$\sum_{k=1}^{10} (\sin \frac{2 \pi k}{11}-i \cos \frac{2 \pi k}{11})=?$

Question

How can we find the value of $$\sum_{k=1}^{10} (\sin \frac{2 \pi k}{11}-i \cos \frac{2 \pi k}{11})=?$$

My Approach:
By Euler's Theorem: $$\huge \cos \frac{2 \pi k}{11}+i \sin \frac{2 \pi k}{11} =e^{ \frac{i2 \pi k}{11}}$$ $$\therefore \sin \frac{2 \pi k}{11}-i \cos \frac{2 \pi k}{11}=-ie^{ \frac{i2 \pi k}{11}}$$ so,$$\sum_{k=1}^{10} (\sin \frac{2 \pi k}{11}-i \cos \frac{2 \pi k}{11})=-i \sum_{k=1}^{10}e^{ \frac{i2 \pi k}{11}}=-i \times e^{ \frac{i2 \pi }{11}} \times \frac{{\{e^{ \frac{i2 \pi }{11}}\}}^{10} -1}{e^{ \frac{i2 \pi }{11}}-1}$$ $$=-i e^{ \frac{i2 \pi }{11}} \frac{e^{ \frac{i20 \pi }{11}} -1}{e^{ \frac{i2 \pi }{11}}-1}$$ now how can i proceed and simplify the result?
Answer $=i$

Answer 1

$$-i e^{ \frac{i2 \pi }{11}} \frac{e^{ \frac{i20 \pi }{11}} -1}{e^{ \frac{i2 \pi }{11}}-1}= -i \frac{e^{ \frac{i2 \pi }{11}} e^{ \frac{i20 \pi }{11}} -e^{ \frac{i2 \pi }{11}} }{e^{ \frac{i2 \pi }{11}}-1}=-i \frac{1-e^{ \frac{i2 \pi }{11}} }{e^{ \frac{i2 \pi }{11}}-1}=i $$

Answer 2

\begin{align}-i e^{ \frac{i2 \pi }{11}} \frac{e^{ \frac{i20 \pi }{11}} -1}{e^{ \frac{i2 \pi }{11}}-1}&=-i\frac{\exp(\frac{i22\pi}{11})-\exp(\frac{i2\pi}{11})}{\exp(\frac{i2\pi}{11})-1} \\ &=-i\frac{\exp(i2\pi)-\exp(\frac{i2\pi}{11})}{\exp(\frac{i2\pi}{11})-1} \\ &=-i\frac{1-\exp(\frac{i2\pi}{11})}{\exp(\frac{i2\pi}{11})-1}\\ &=-i(-1)\\ &=i \end{align}

Answer 3

Denote the required sum value by $S$. Multiplying by $i$ we get $$iS = \sum_{k=1}^{10}\bigg(\cos \frac{2\pi k}{11} + i\sin \frac{2\pi k}{11}\bigg)$$ Now in the summation introduce one extra term corrsponding to $k=11$ whose value will be 1. We get LHS to be $iS+1$. The RHS now is a 11-term summation which is actually the sum of all the 11th roots of unity which is zero.

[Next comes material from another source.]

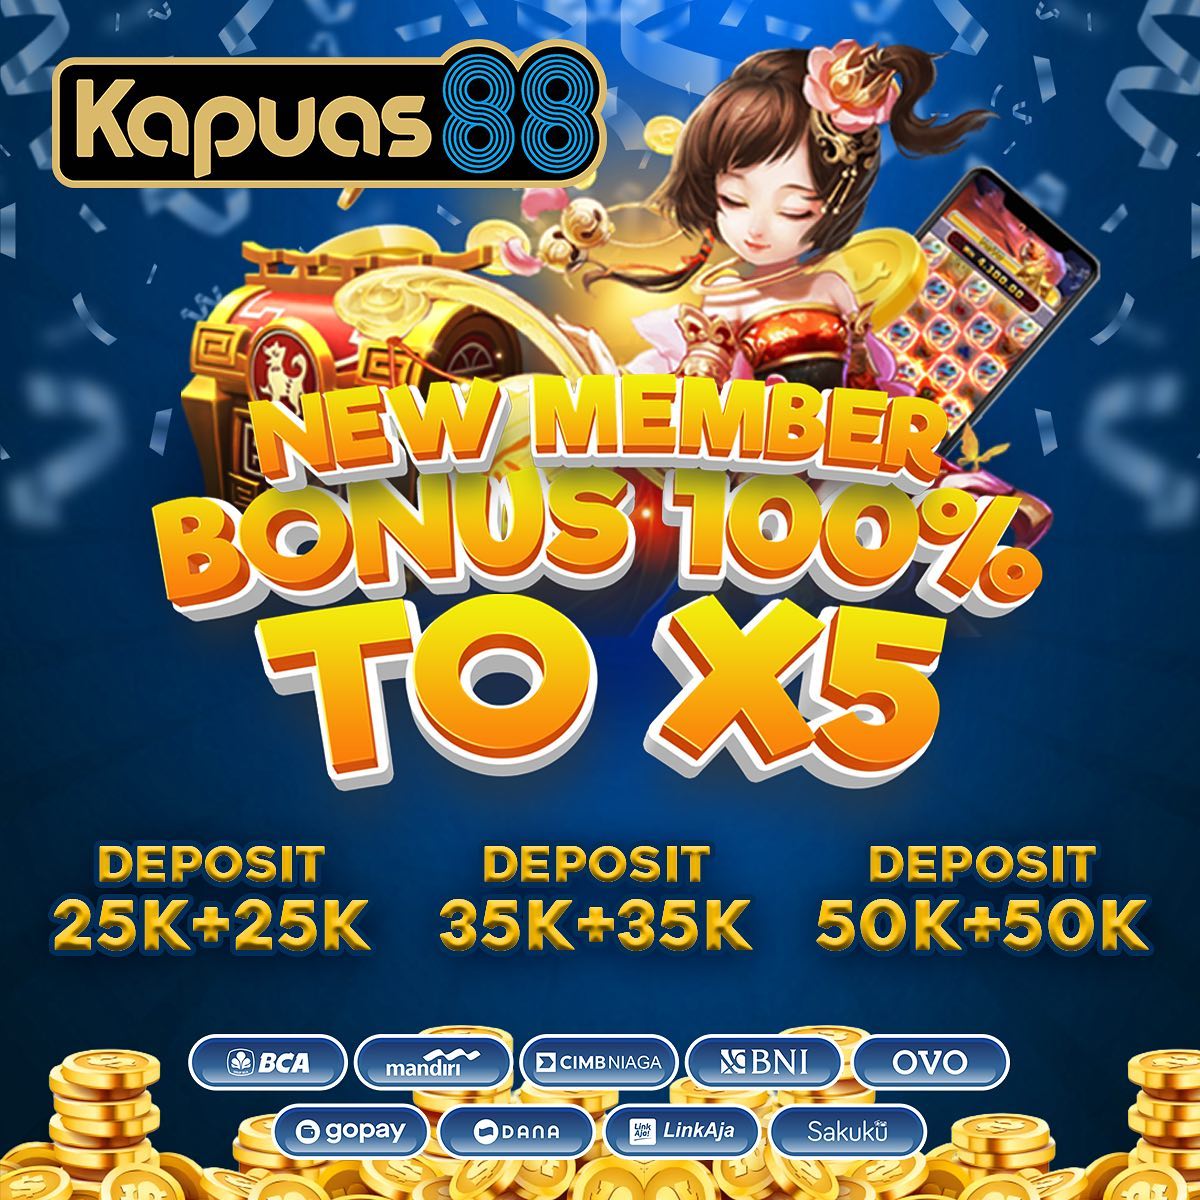 Kapuas88: A Gateway to Online Entertainment and Gaming

So we get $iS+1=0$. So it follows that $S=i$.

Answer 4

$$S-i=-i\cdot (\sum_{k=1}^{10}({e^{\frac {2\pi i}{11}}})^k+1)=-i\cdot (\frac{1-({e^{\frac{2\pi i}{11}}) ^{11}}}{1-e^{\frac{2\pi i}{11}}})=-i\cdot 0=0$$.